Detection of Hate Speech and offensive Language on Sentiment Analysis using Machine Learning Techniques
Guduri Sulakshana1, R Siva jyothi2, Aluri Lakshmi3
1Mrs. Guduri Sulakshana, Dept. of CSE, Institute of Aeronautical Engineering, Hyderabad, India.
2Ms. R Siva jyothi, Dept. of CSE, KSRM College of Engineering, Kadapa, India.
3Ms. Aluri Lakshmi, Dept. of CSE, Institute of Aeronautical Engineering, Hyderabad, India.
Manuscript received on February 10, 2020. | Revised Manuscript received on February 23, 2020. | Manuscript published on March 10, 2020. | PP: 136-139 | Volume-9 Issue-5, March 2020. | Retrieval Number: E1985039520/2020©BEIESP | DOI: 10.35940/ijitee.E1985.039520
Open Access | Ethics and Policies | Cite | Mendeley
© The Authors. Blue Eyes Intelligence Engineering and Sciences Publication (BEIESP). This is an open access article under the CC BY-NC-ND license (http://creativecommons.org/licenses/by-nc-nd/4.0/)

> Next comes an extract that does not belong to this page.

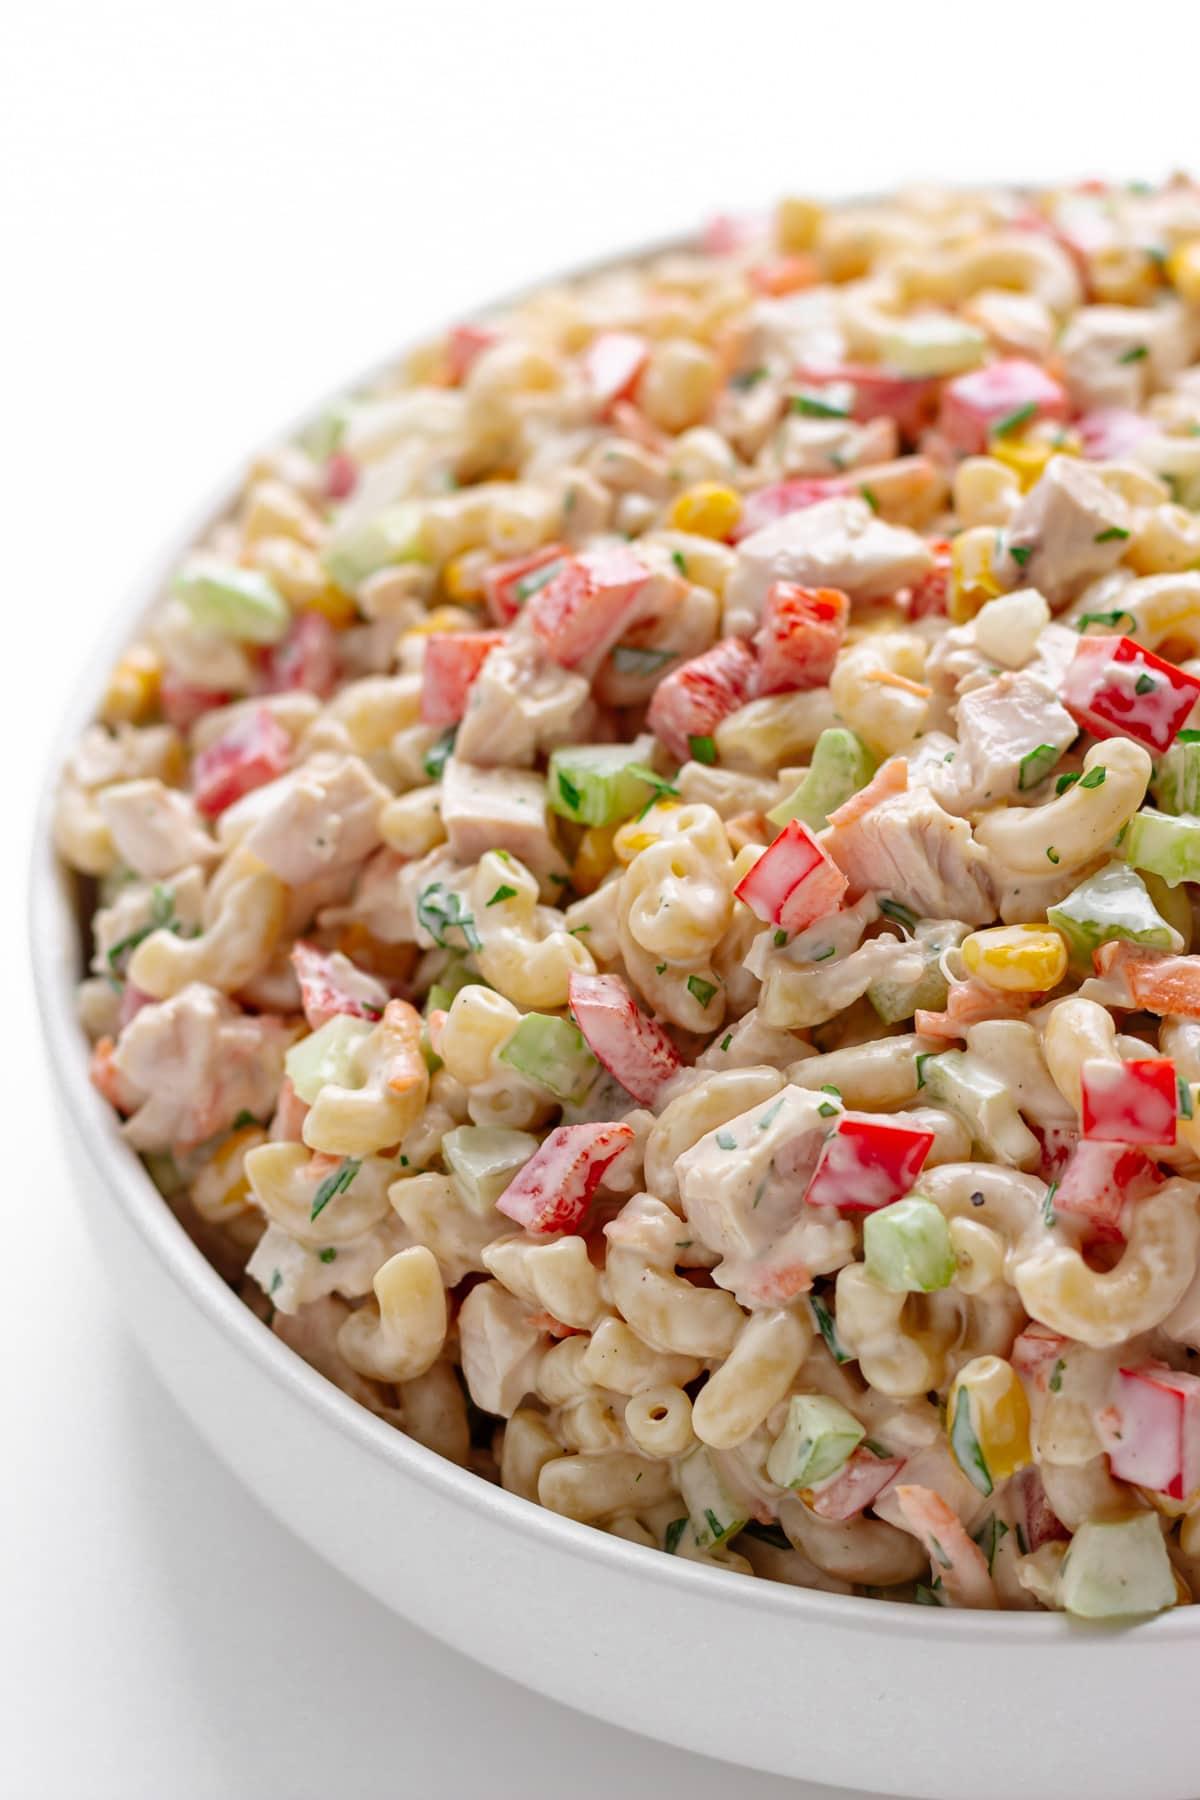 White serving bowl filled with macaroni salad.

Abstract: Toxic online content (TOC) has become a significant problem in current day’s world due to uses of the internet by people of distinct culture, social, organization and industries background and followed Twitter, Facebook, WhatsApp, Instagram, and telegram, etc. Even now, there is lots of work going on related to single-label classification for the text analysis and to make less comparative to errors and more efficient. But in recent years, there is a shift towards the multi-label classification, which can be applicable for both text and images. But text classification is not much popular among the researchers when compared to the grading for images. So, in this work, we are using the dataset which is going to be a short messages dataset, to train and develop a model which can tag multiple labels for the messages. Hate speech, and offensive language is a key challenge in automatic detection of toxic text content. In this paper, to contribute term frequency–inverse document frequency(Tf-Idf), Random forest, Support Vector Machine (SVM),and Bayes Naïve classifier approaches for automatically classify tweets. After tuning the model giving the best results, it achieves an Efficient accuracy for evaluating test data analysis. In this contribution of work also moderate and encapsulate paradigms which will communicate and working between the user and Twitter API. Instead of using the traditional techniques like Bag of words or word counter, a new technique which uses Tf-Idf is built to find the similarity, and the text is transformed into the vectors using Tf-Idf, and this is used to train the model using supervised learning technique along with the labels from the dataset. The accuracy of the model is quite good and more efficient with better results.
Keywords: Twitter, Toxic Text, Tf-Idf, Machine Learning.
Scope of the Article: Machine Learning.